WHAT TO DO: Pictures aside, reproduce exactly each line from the one holding "Mangalorean Chili, Salt" through the last line of the material, both ends included.

PROVIDED MATERIAL:
---

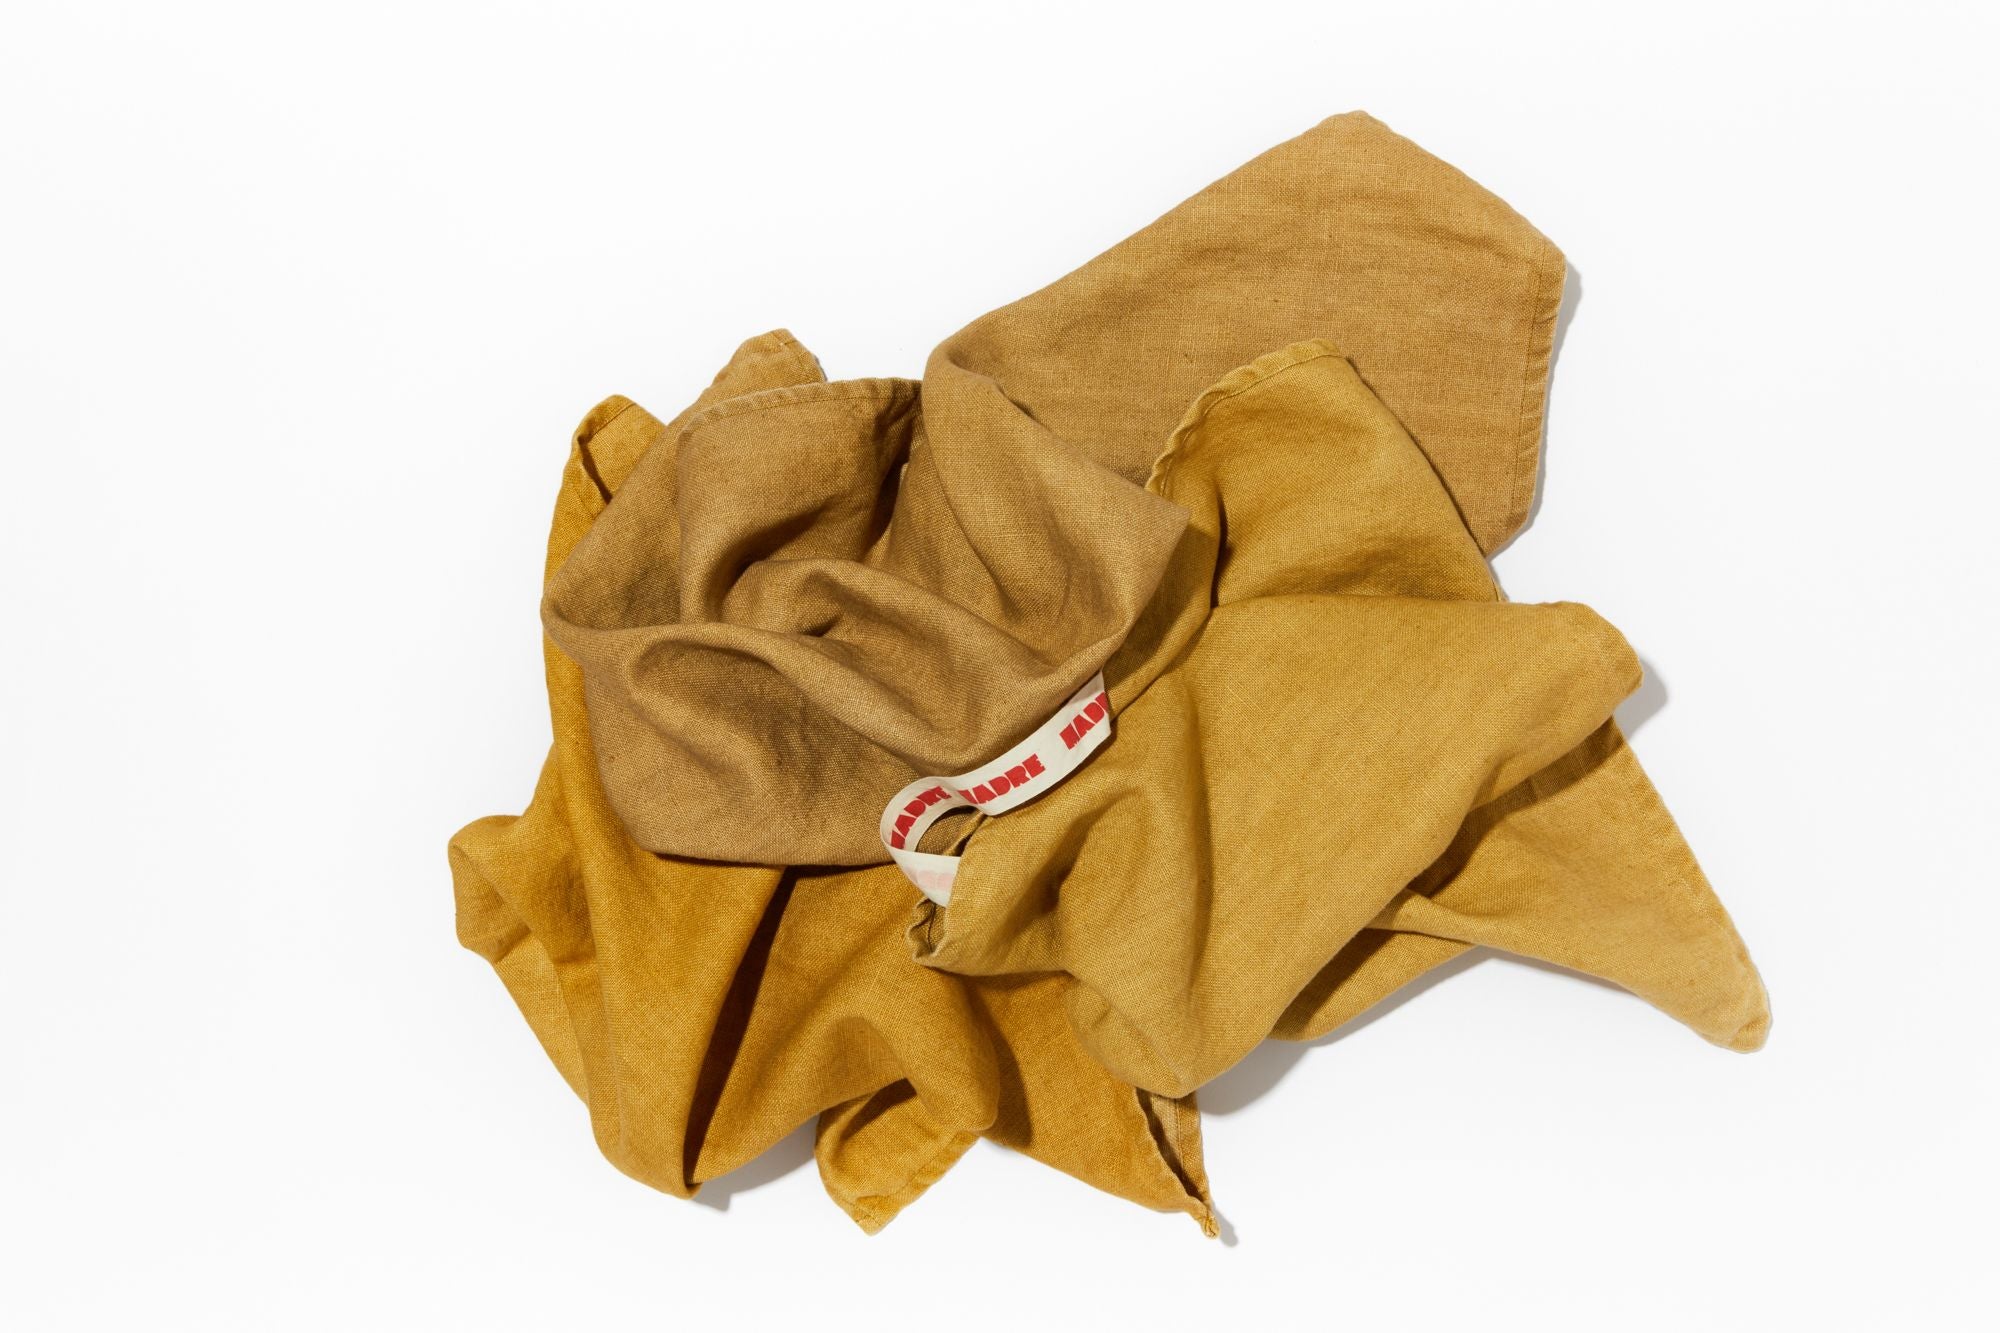 Linen Tea Towels, Muted Gold
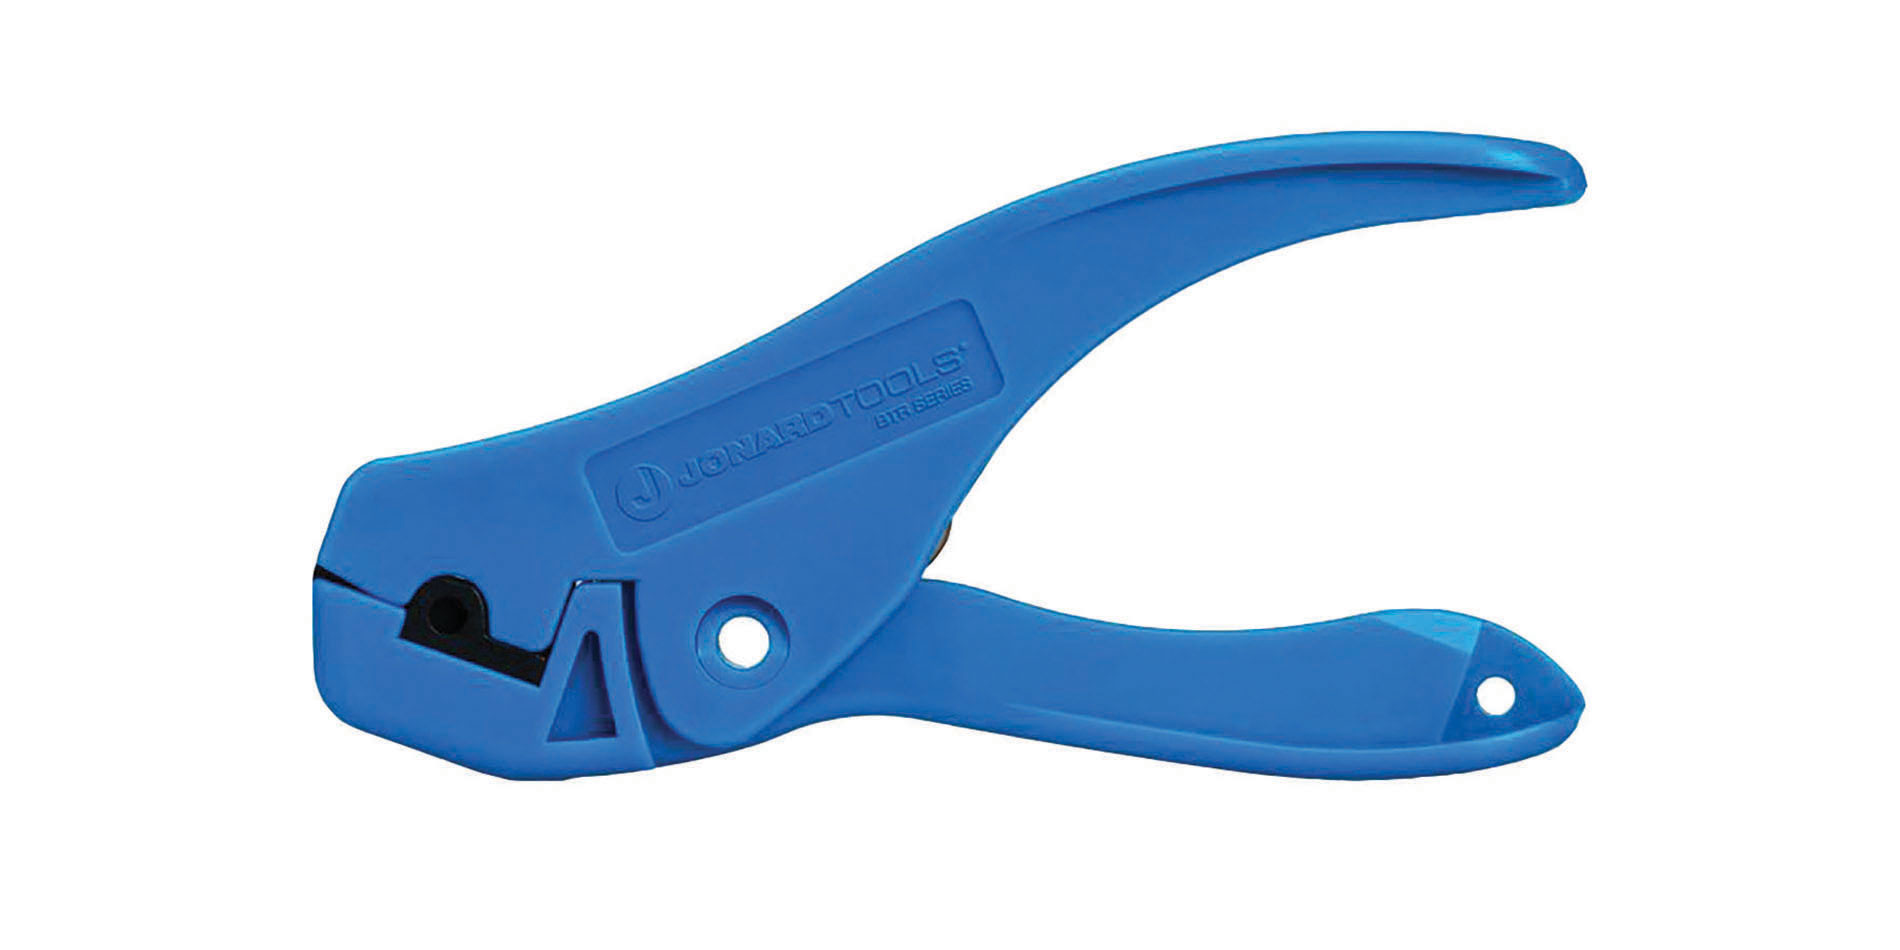 Blue ring tool. Image by Jonard Tools.
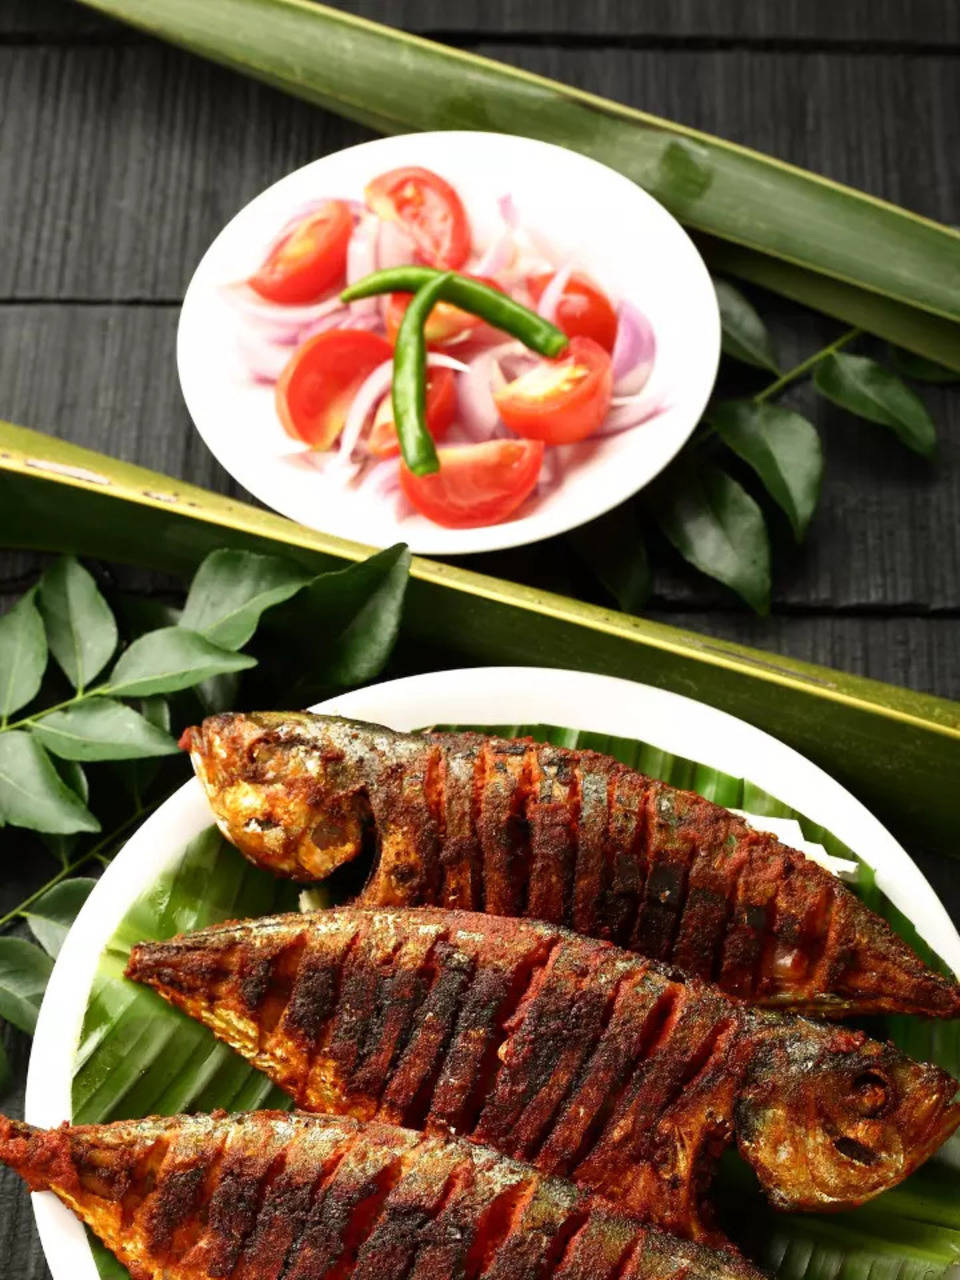 Mangalorean Chili, Salt and Vinegar Marinade + Fish Fry - My Food Story
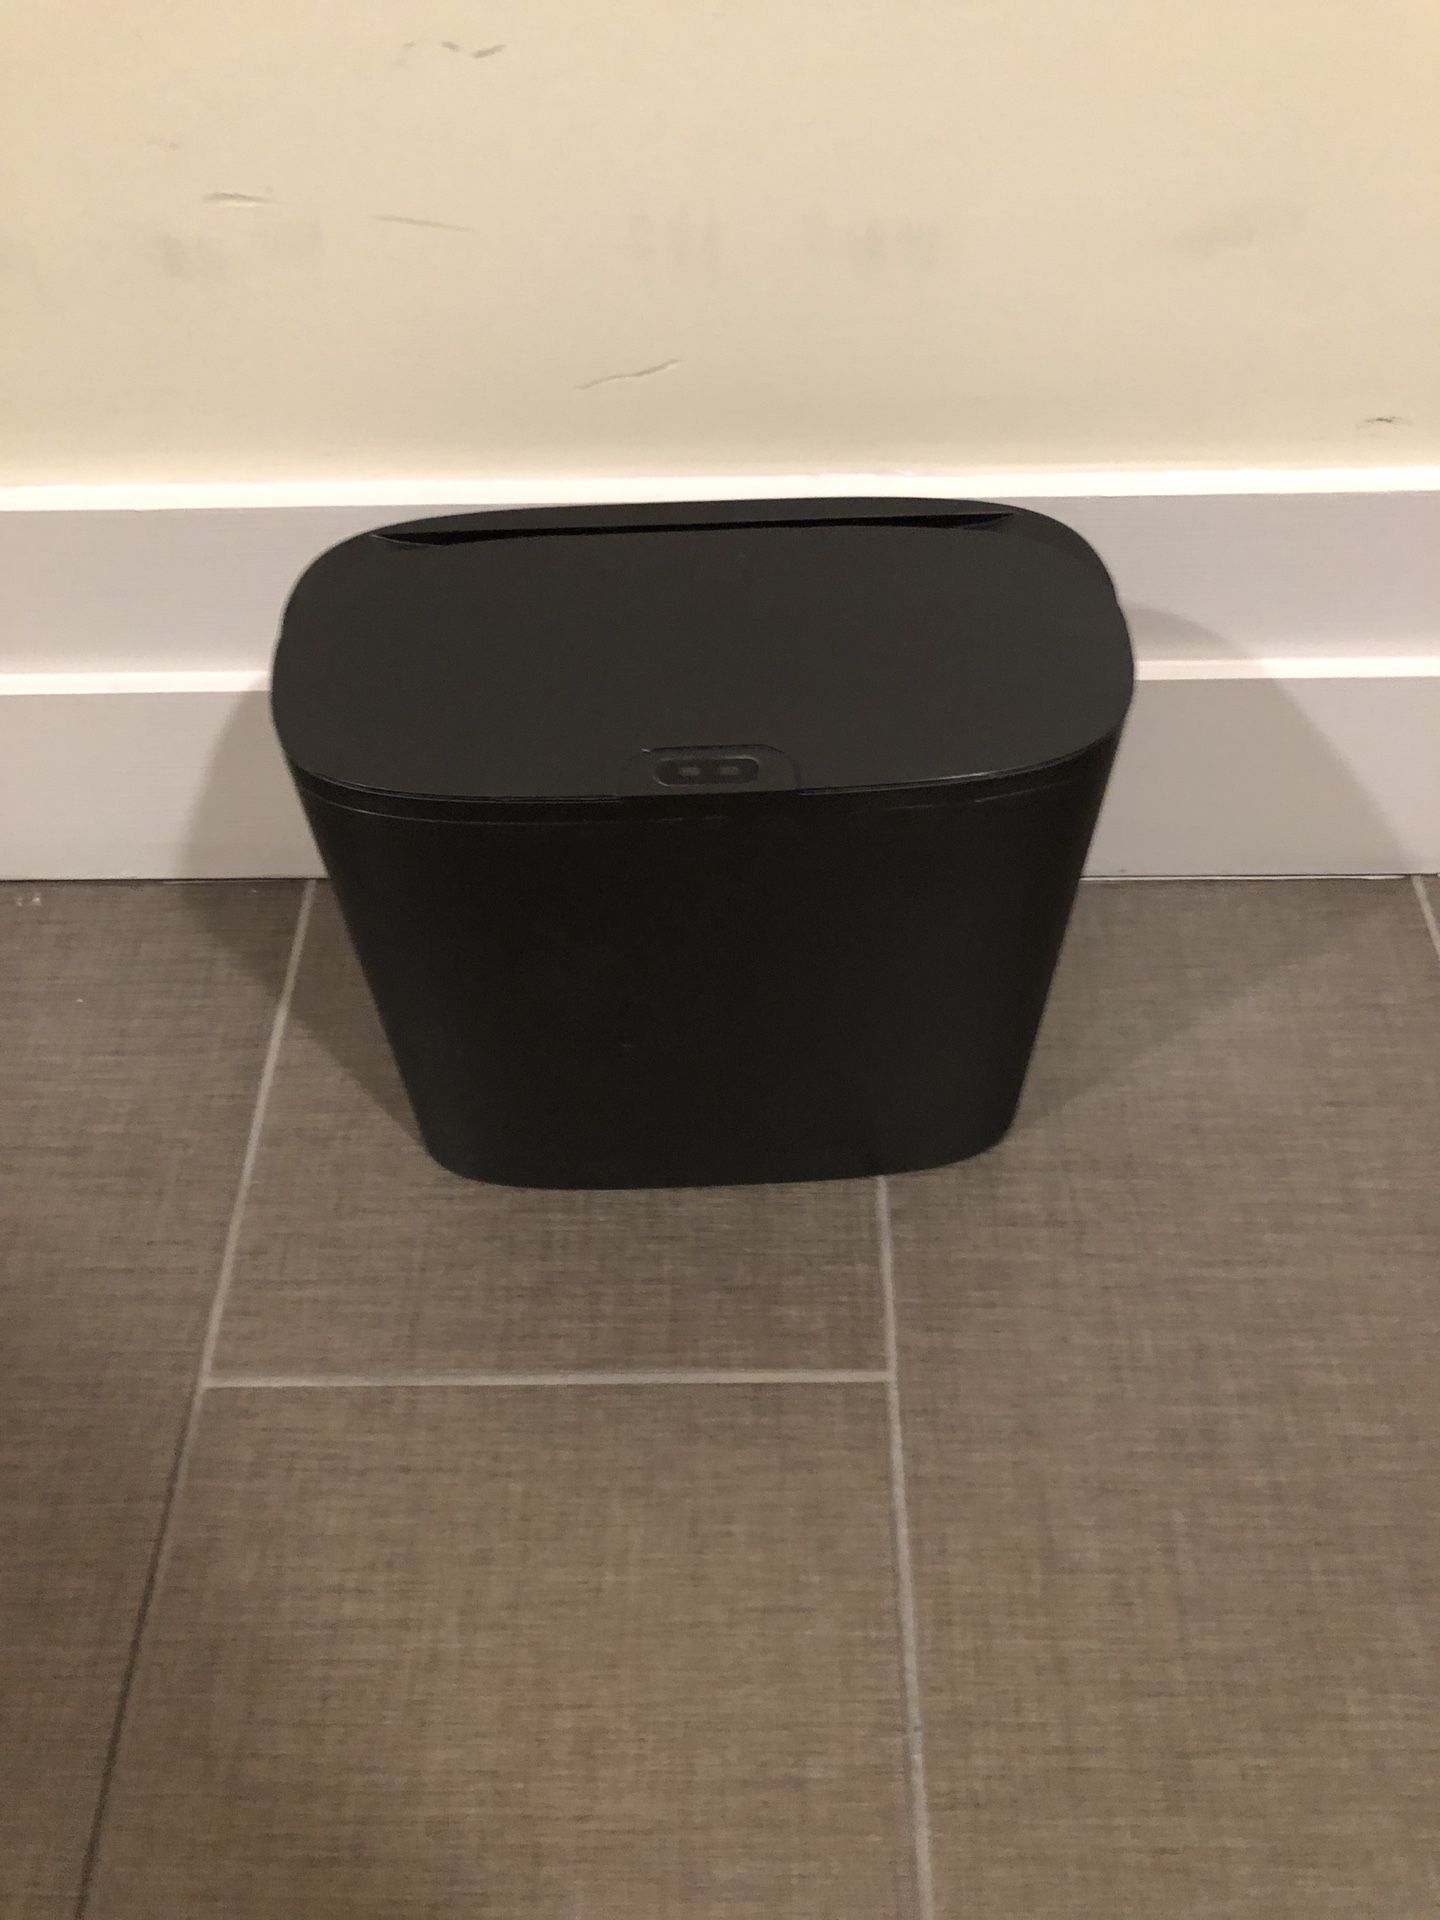 ELPHECO Bathroom Trash Can, 2.5 Gallon Waterproof Motion Sensor Small with Lids

---

RESPONSE:
 Mangalorean Chili, Salt and Vinegar Marinade + Fish Fry - My Food Story
 ELPHECO Bathroom Trash Can, 2.5 Gallon Waterproof Motion Sensor Small with Lids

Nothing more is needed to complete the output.